___ Available data
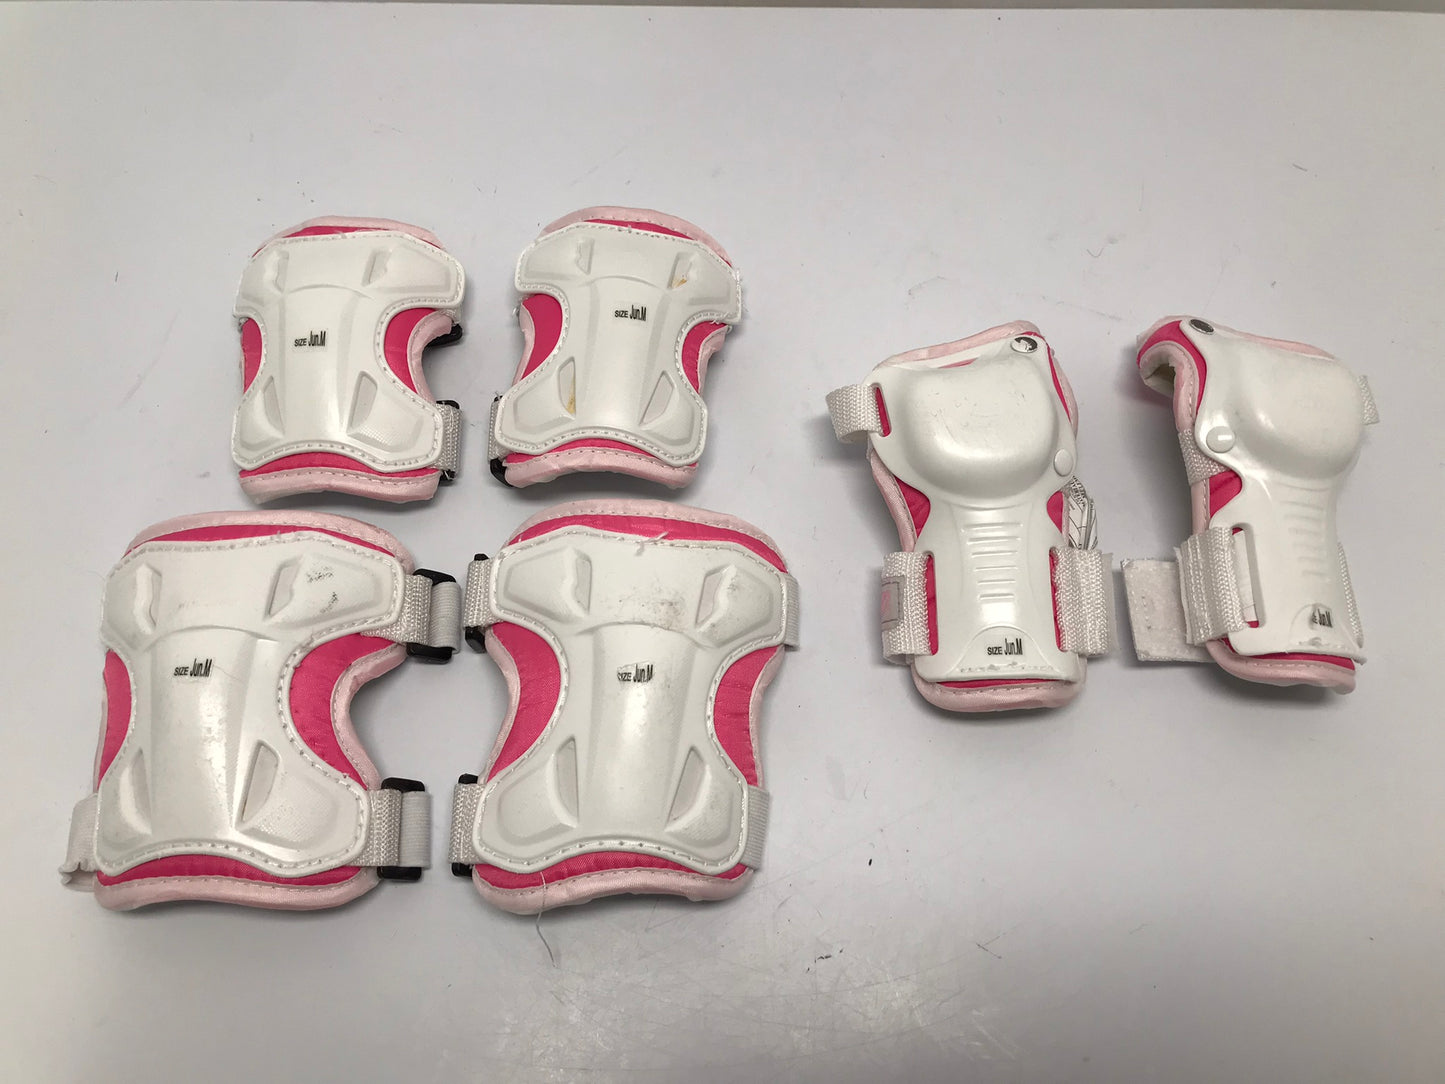 Inline Roller Skates Protective Knee Wrist Elbow Pads Child Size 6-8 FireFly White Pink As New
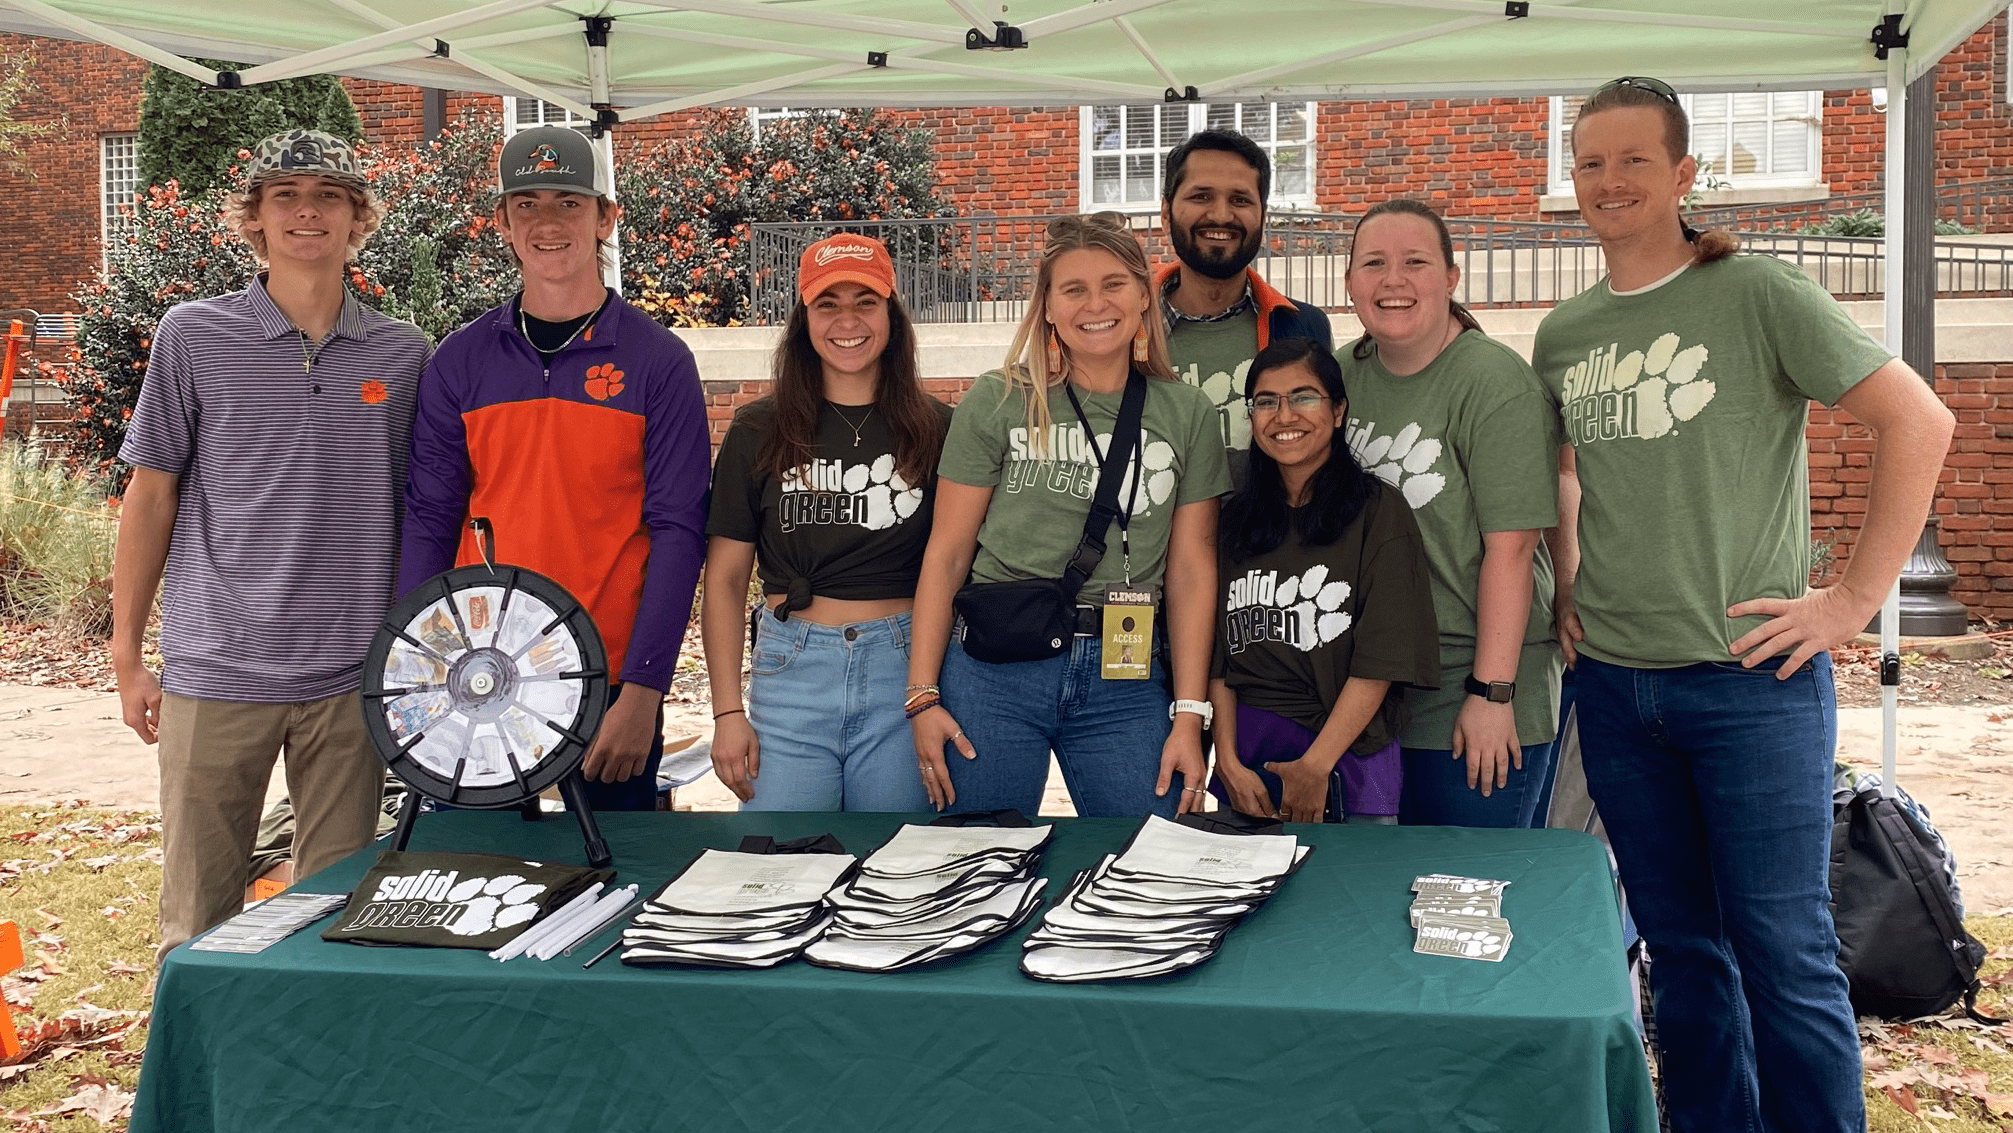 Clemson students from the Solid Green program pose under a green tent behind a green table with giveaway items
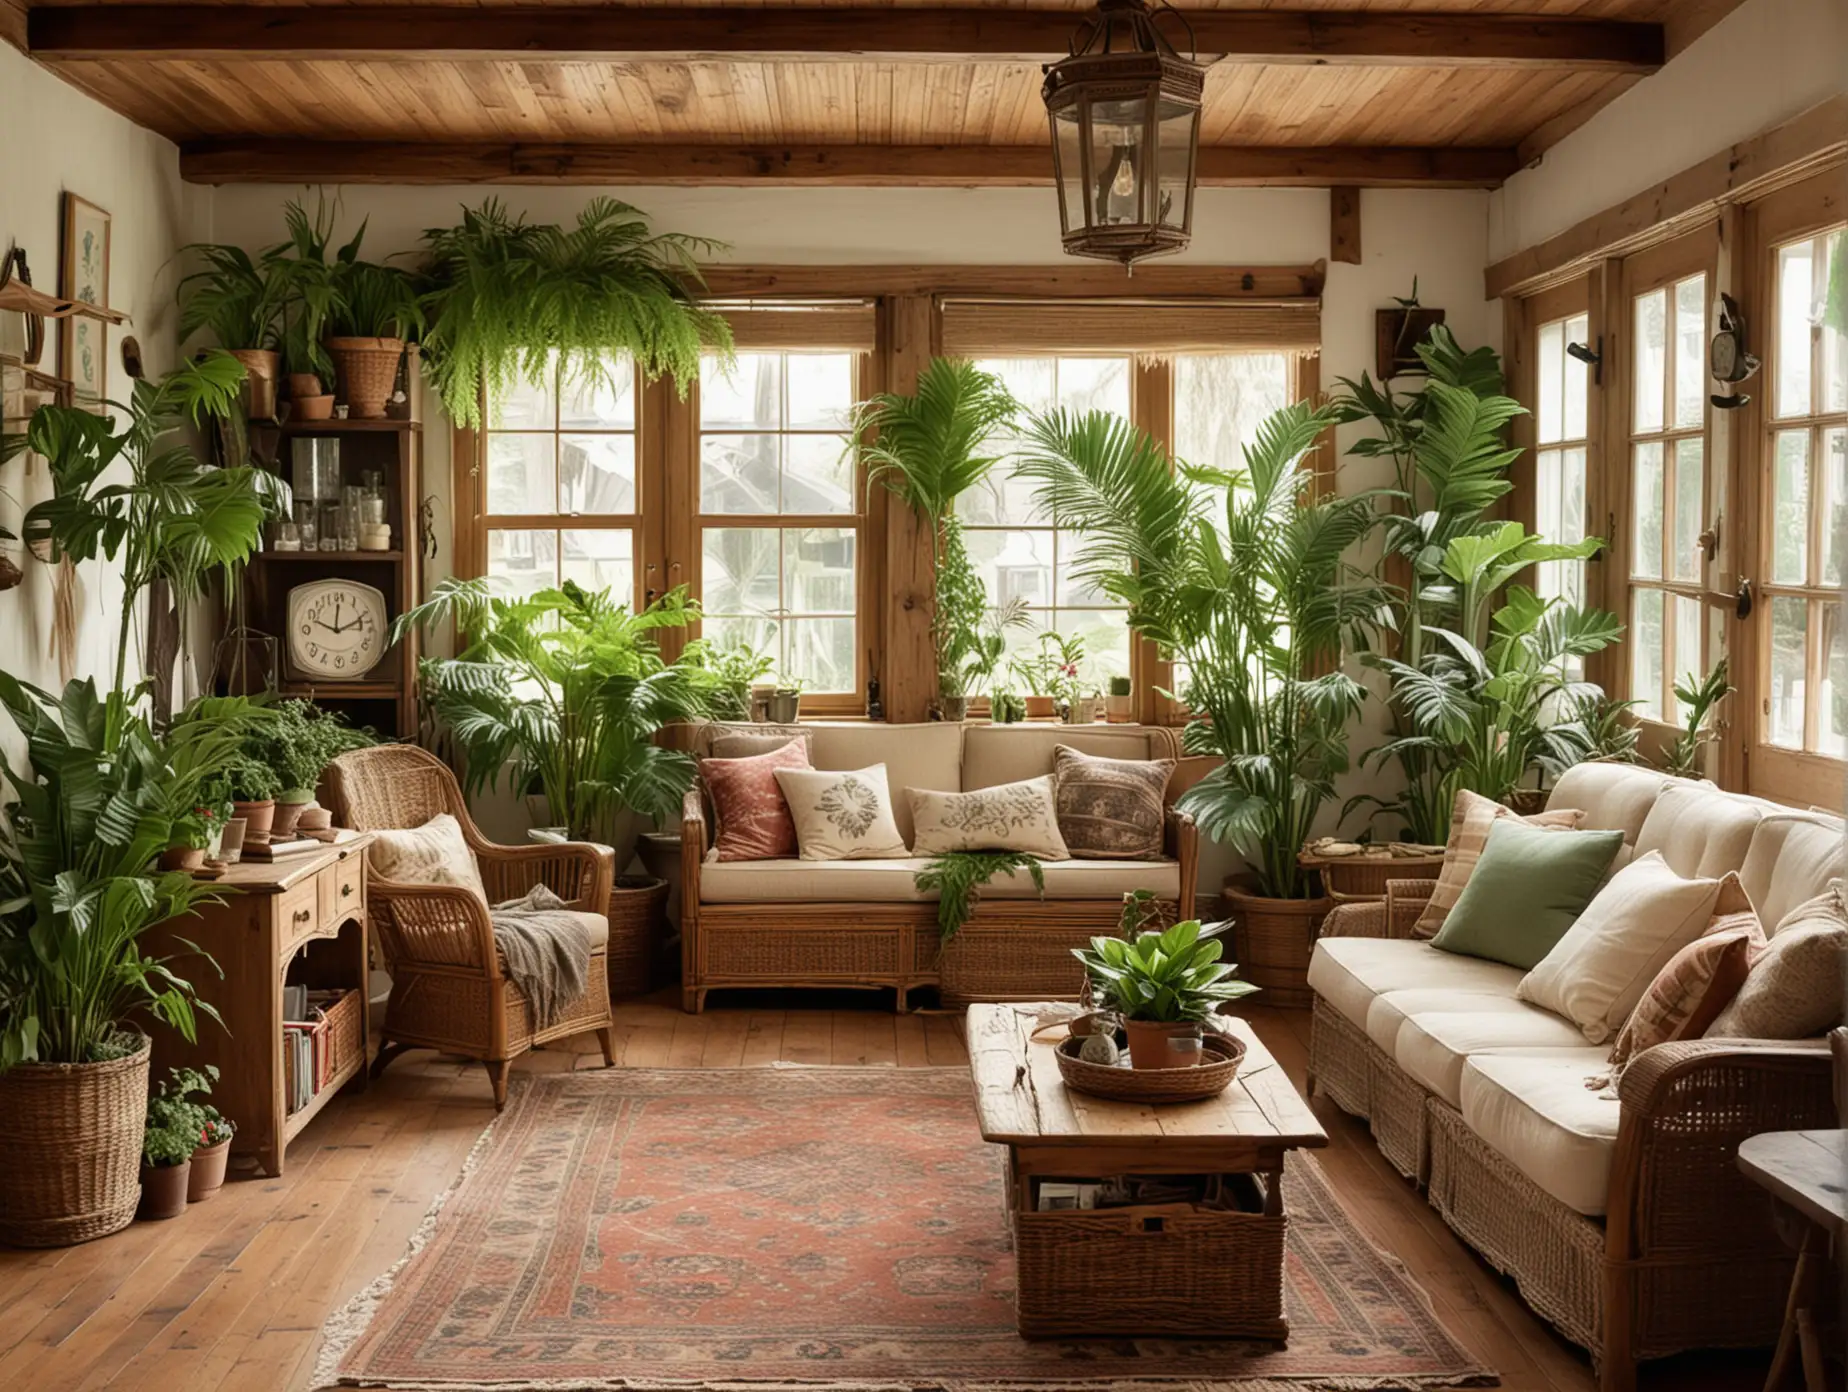 Rustic Vintage Living Room with House Plants: Create a cozy vintage-inspired living room with rustic decor. Include a mix of wooden furniture and wicker baskets. Add house plants like ferns and potted palm trees to bring a touch of nature indoors. The room should have a large glass door leading to a sunny porch, with a vintage clock on the wall and a thatched roof visible from the inside
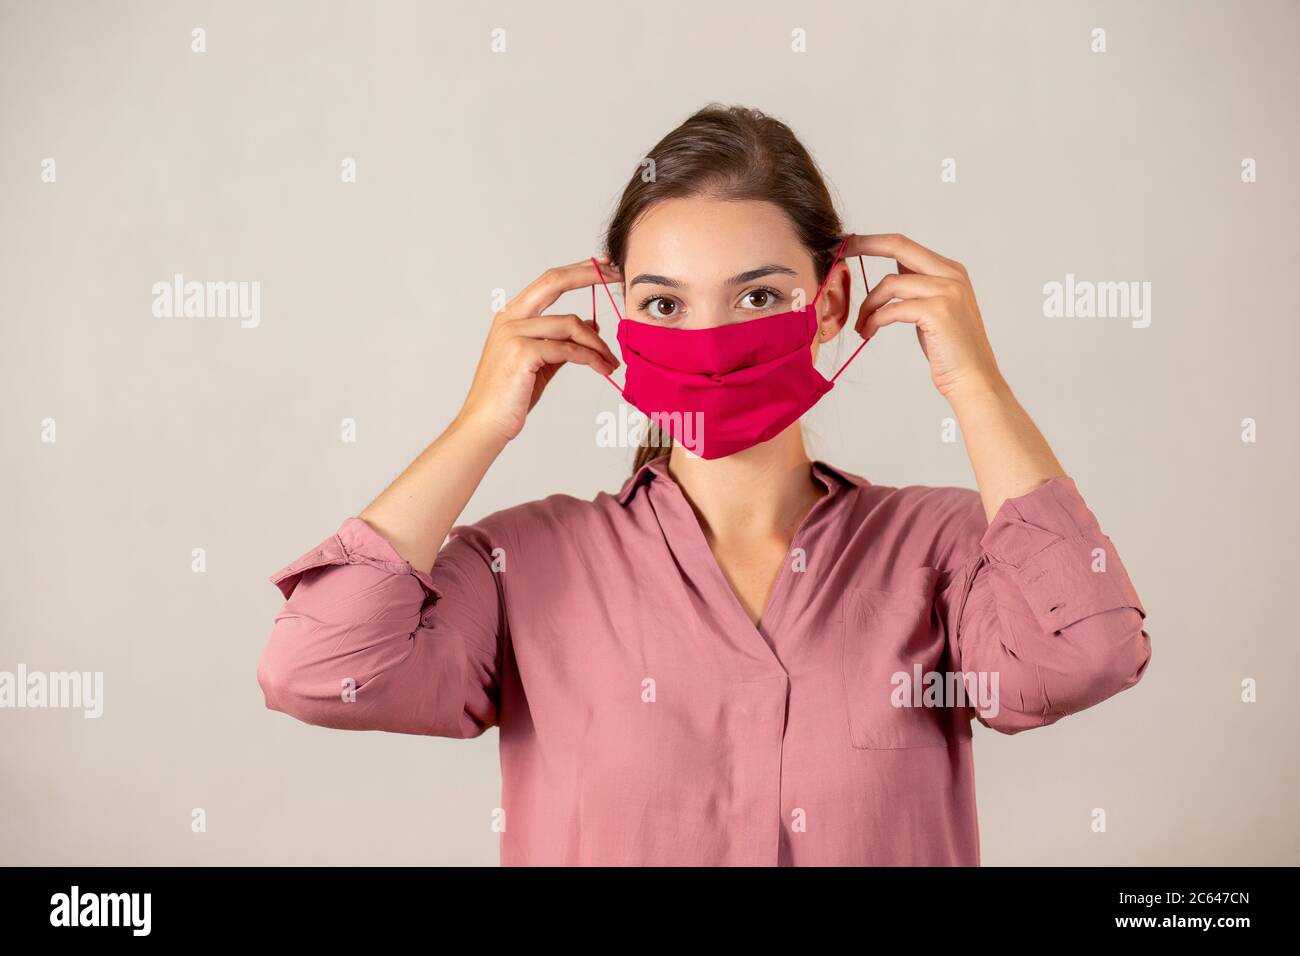 Young girl putting on a protective face mask during a Covid-19 pandemic. Stock Photo
______
Task details: Go to the line containing "Rustic Vintage Living", then write out word for word every line from there to the end of the listing. Keep both end lines and drop the pictures.

Exercise answer:
 Rustic Vintage Living Room with House Plants: Create a cozy vintage-inspired living room with rustic decor. Include a mix of wooden furniture and wicker baskets. Add house plants like ferns and potted palm trees to bring a touch of nature indoors. The room should have a large glass door leading to a sunny porch, with a vintage clock on the wall and a thatched roof visible from the inside
 Young girl putting on a protective face mask during a Covid-19 pandemic. Stock Photo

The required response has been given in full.